Seit vielen Jahren liegt Anders Bortne nachts wach und kann nicht schlafen, oft tagelang am Stück. Auf seiner Suche nach einer Lösung entstand ein Sachbuch, bei dessen Lektüre Zeilenschwimmerin Ronja sogar ihren Tee vergessen hat.

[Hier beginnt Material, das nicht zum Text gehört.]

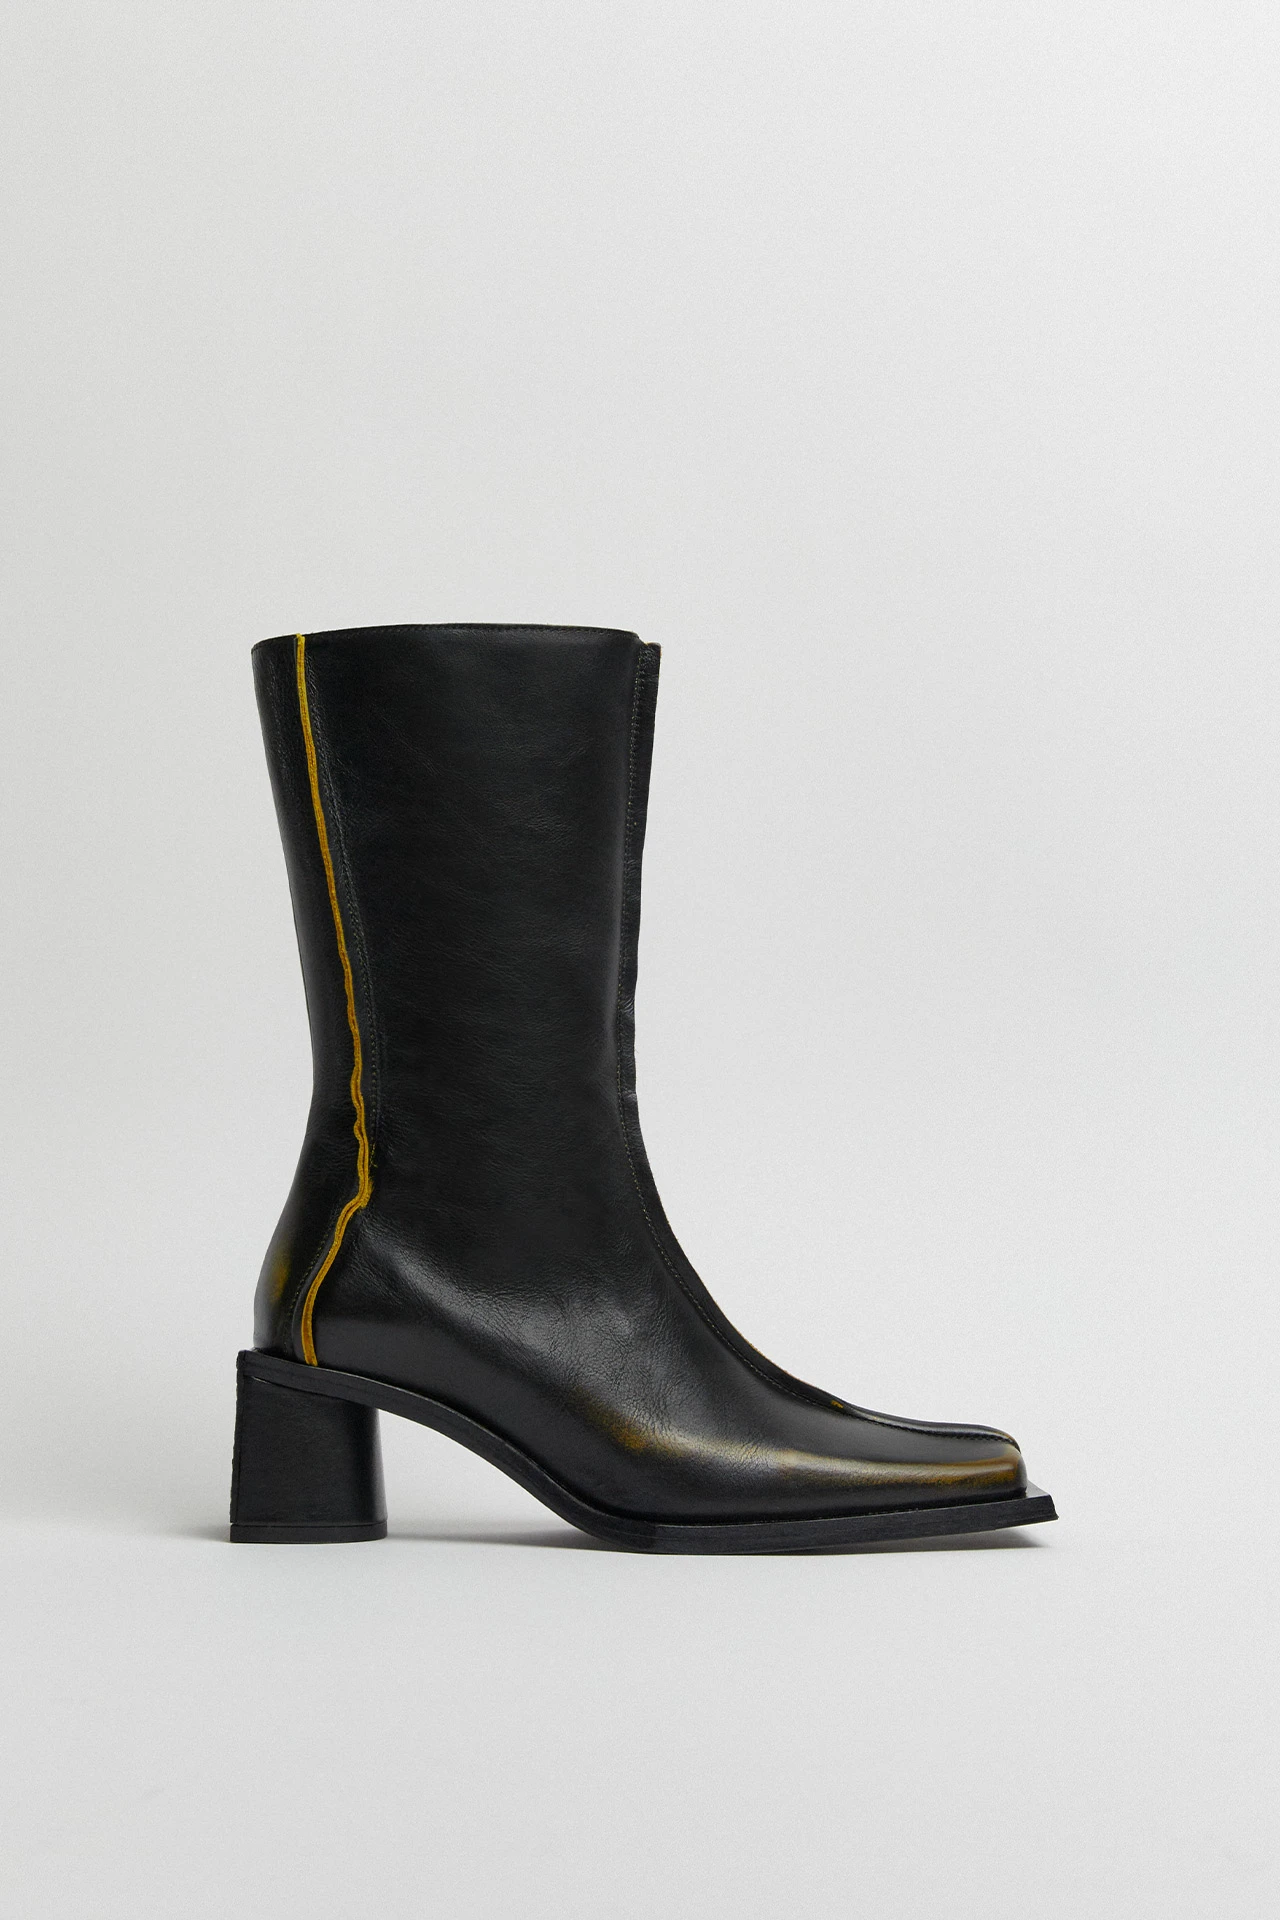 Miista-reiko-black-mustard-boots-01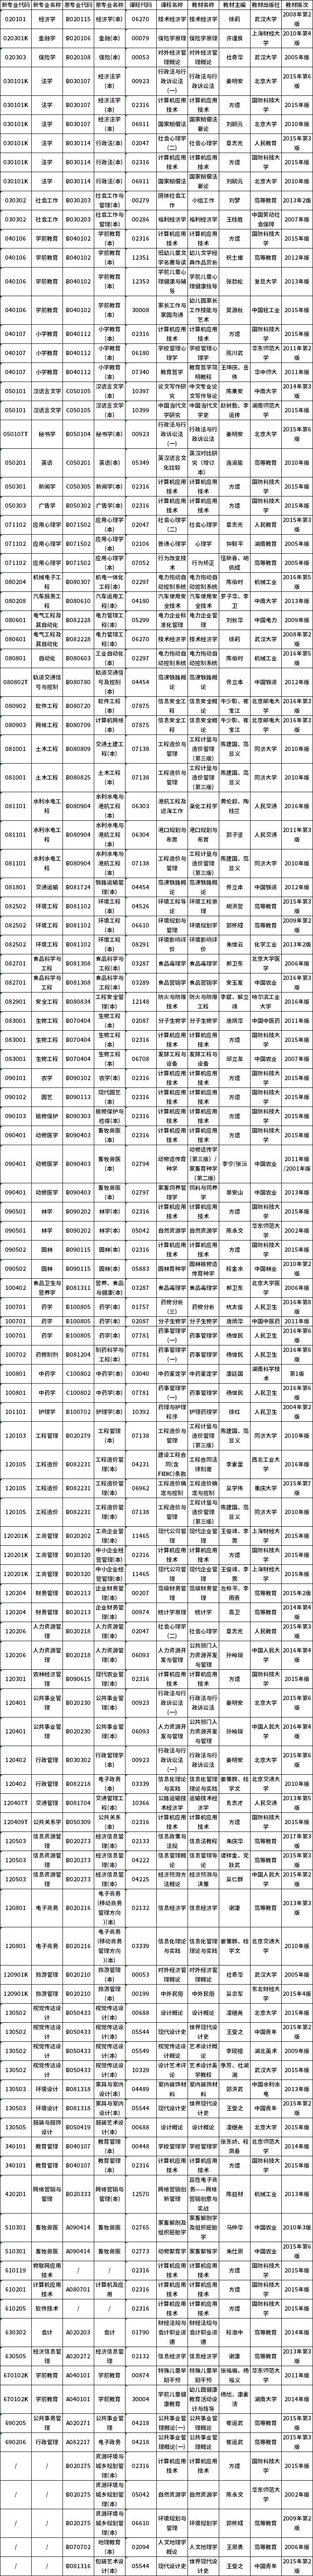 2020年湖南自考计算机化考试课程安排及教材目录

Ich hatte mir einen Tee gemacht, mich in meinen Lesesessel gesetzt und wollte eigentlich nur mal ein neues Buch anlesen … Als ich wieder auftauchte, war mein Tee schon lange kalt. Ich leide zum Glück nicht unter Insomnie. Wie andere Menschen auch habe ich lediglich vereinzelte Nächte oder kurze Phasen, in denen ich schlechter schlafe. Dabei habe ich meistens das Problem, schlecht einschlafen zu können. Nach meiner Lektüre weiß ich nun, dass auch das schon zu den Schlafstörungen zählt und ein Anzeichen für Insomnie sein kann. Die Betonung liegt hier auf „kann“! (Kleiner Hinweis für alle Selbstdiagnostiker*innen da draußen.)

„Bei Insomnie geht es auch um Selbst-Bewusstsein. Ein schlafloses Gehirn ist ein Gehirn, das nicht aufhören kann, an sich selbst zu denken. Der Wunsch, den Schlaf kontrollieren zu können, kann das genaue Gegenteil bewirken.“ (S. 42)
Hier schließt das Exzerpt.